Danny Shanklin, Spartak Sidarov and Ruth Silver walked in a straight line at twenty-yard intervals through the woods. Each was heavily armed and wearing camouflage fatigues.

‘Smoke,’ Spartak said, his voice crackling through Danny’s earpiece. ‘Approximately one kilometre ahead.’

Danny slowed his pace. Ahead the flat ground gave way to a gentle downhill slope. Through the trees in the distance, he now saw a thin column of grey smoke rising into the pale blue sky and, a few yards further on, the tops of the buildings down in the base of the valley. A farm, it looked like. Several barns and a main house made of stone.

‘Watch out for trips,’ Danny muttered into his mike.

His eyes were already aching, working overtime, searching for IEDs, as they had been since he and the others had left the vehicles a couple of kilometres back, in the patch of woodland where they’d rendezvoused.

The woods here, he saw, ran right the way down the slope of the valley to the farm. Meaning it might be possible to get close without anyone noticing them. Still no sign of any sentries. Which could be down to the fact that it was only just gone dawn. Whoever was in that building might still be asleep.

He flicked the safety off his AK-9, imagining both Spartak and Ruth doing the same. Spartak had supplied them with the weapons. Danny had smiled as his old comrade and friend had watched Ruth check hers thoroughly, before deeming it fit for purpose. Spartak hadn’t needed to say anything. The admiring look he’d shot Danny had been enough:
one hell of a woman,
it had said.

‘All clear,’ Ruth’s voice murmured now.

‘I see no one either,’ Spartak agreed.

‘Then let’s close in,’ Danny said, setting off down the slope, faster now, his eyes still scouring the ground before him, searching for traps.

They’d checked the GPS signal before they’d set off from the cars. It was still strong. It still hadn’t moved. Even if the Kid and the others weren’t there, the comms equipment belonging to the Kid, which was sending out the signal, still was.

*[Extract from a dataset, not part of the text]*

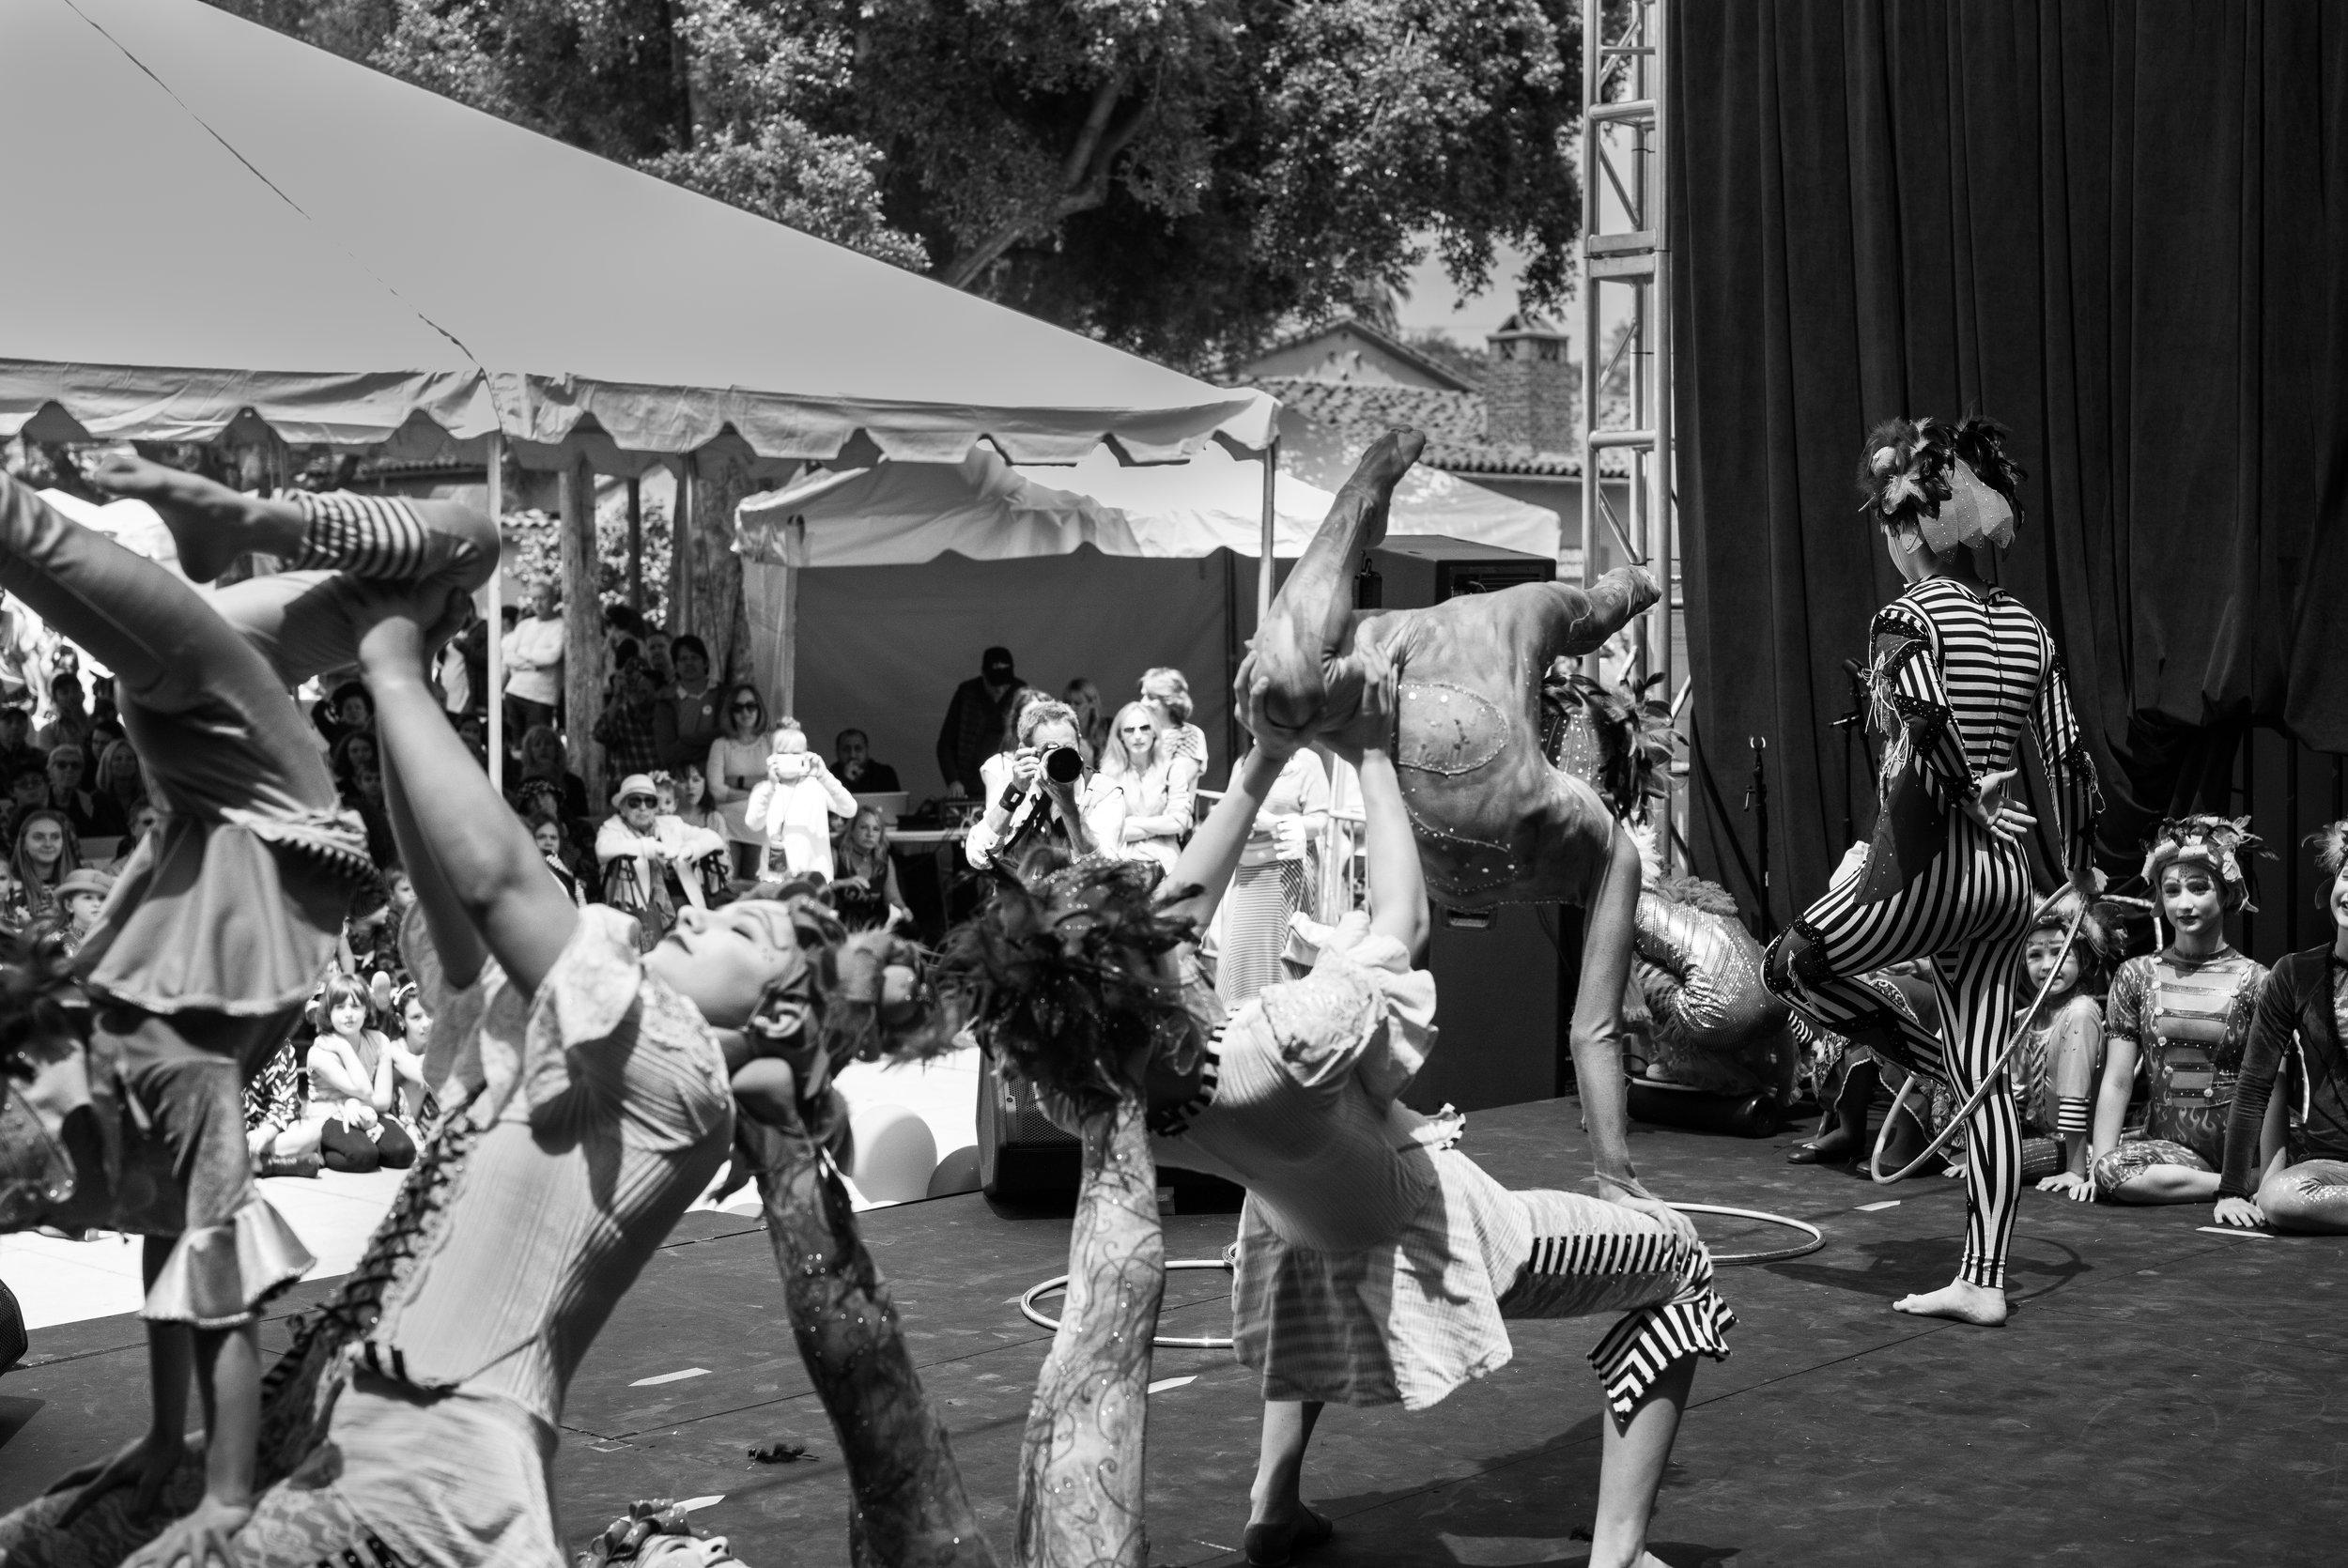 2018_May_2018-5-LPC_Russian_FestivalWest_Hollywood_465.jpg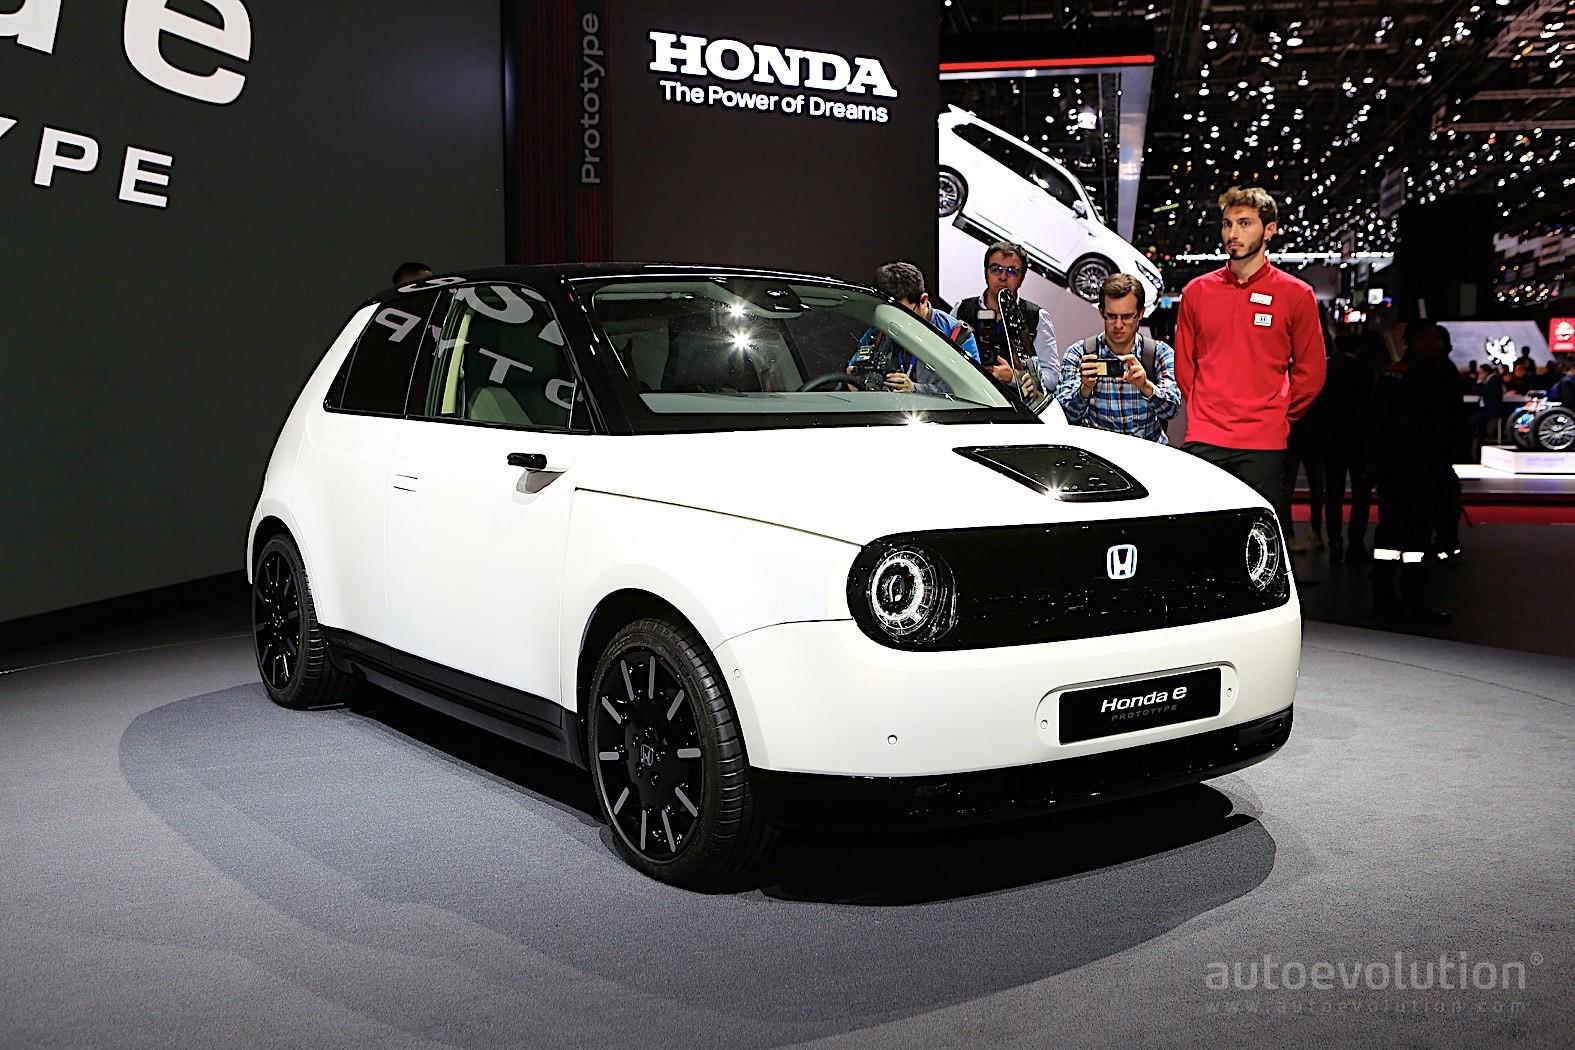 Honda E Prototype Shows Funky Interior in Geneva - autoevolution

Three hundred yards, two hundred . . .

‘I still see no movement,’ Spartak said.

‘Nothing,’ Danny agreed.

‘Wait.’

Danny took one more pace, then froze. It was Ruth who had spoken last.

‘I see someone, more than one . . .’ she said.

‘Where?’

‘Directly in front of my position . . .’ She was on their right flank. ‘To the right of the main farmhouse. I see three people. All are seated. None appears to be armed.’

‘Spartak?’ Danny said.

‘I still see no one.’

‘Hold your position, Ruth,’ Danny ordered. ‘Spartak: on me.’

Danny was in the centre of their line. He zigzagging swiftly through the trees, with Spartak in silent pursuit. They passed Ruth’s position without speaking and continued another hundred yards. ‘Cover us, Ruth,’ Danny said. ‘We’re moving in.’

All three AK-9s were fitted with silencers. If these people were sentries or obvious combatants working for Dementyev, Shepkin and the Kid, then Danny and Spartak would be able to neutralize them fast, and would then be in a position to recce the main buildings up close.

But – and Danny’s professionalism slipped, his breathing stuttered, his heart leaped to his throat – the three faces he saw as he moved in on the location pinpointed by Ruth did not belong to anyone working for either Dementyev, Shepkin or the Kid. Because the three people sitting at the rough wooden table in the small cobbled farmyard to the right of the farmhouse
were
Dementyev, Shepkin and the Kid.

Sitting ducks.

Inevitably, that was the phrase that rose in his mind as he stared in disbelief at the scene unfolding in even greater clarity as he continued to close in.